Severe COVID-19 may lead to low ‘gray matter’ in brain after oxygen therapy, says study

Lower gray matter volume in frontal-temporal network of brain has been related with a higher-level of disorderamid COVID-19 patients, even six months after hospital discharge, study revealed.

COVID-19 patients who receive “oxygen therapy” or experience fever may view “gray matter volume” reduction in the frontal-temporal network of the brain, says a new study conducted by researchers at Georgia State University and the Georgia Institute of Technology. Gray matter is vital for processing information in the brain and its abnormality may affect how well neurons function and communicate.

India has been badly hit by coronavirus, leading to exponential rise in total cases and following deaths. Many patients who recovered were also determined with black fungus. “People with severe cases of Covid-19 who require oxygen and/or ventilator support with prolonged hospitalisation seem to be at a higher risk of developing neurological symptoms,” Dr Pavan Pai, neurologist, Wockhardt Hospital, told IndiaToday.In.

The study declares lower gray matter volume in the frontal-temporal network of the brain has been related with a higher-level of disability among COVID-19 patients, even six months after hospital discharge, the study disclosed.

“Science has shown that the brain’s structure affects its function, and abnormal brain imaging has emerged as a major feature of COVID-19,” said Kuaikuai Duan, the study’s first author, a graduate research assistant at TReNDS and PhD student in Georgia Tech’s School of Electrical and Computer Engineering.

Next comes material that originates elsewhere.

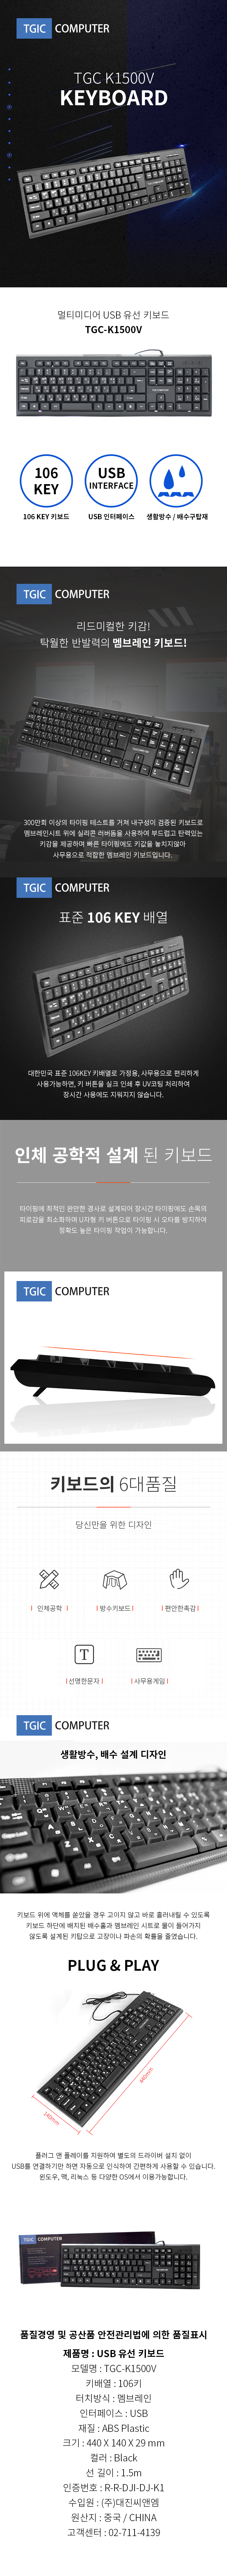 TGC-K1500V.jpg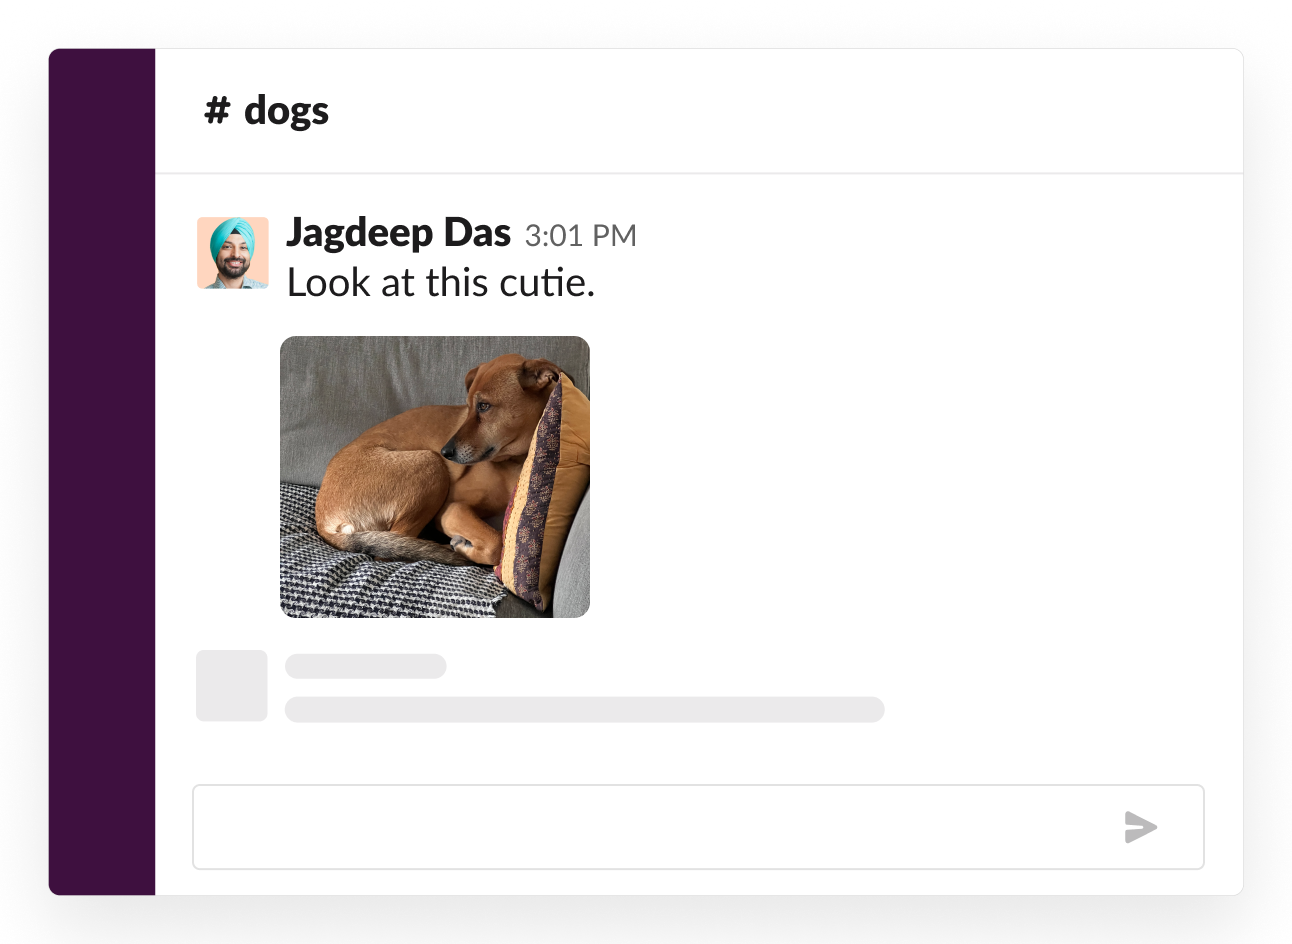 Beispiel eines sozialen Channels über Hunde, in dem jemand ein niedliches Bild seines Welpen geteilt hat

The survey showed patients with higher levels of disability had lower gray matter volume. Gray matter volume was also crucially reduced in patients receiving oxygen therapy compared to patients not receiving oxygen therapy. Patients with fever had a significant reduction in gray matter volume in the inferior and middle temporal gyri and the fusiform gyrus compared to patients without fever. The results suggest COVID-19 may affect the frontal-temporal network through fever or lack of oxygen.

This implies that gray matter changes in the frontal region of the brain may underlie the mood disturbances commonly displayed by COVID-19 patients. Microsoft’s First Annual Work Trend Index Shows 74 Percent Indian Workers Keen on Flexible Remote Work Options
Microsoft’s data is clear: extreme flexibility and hybrid work will define the post-pandemic workplace.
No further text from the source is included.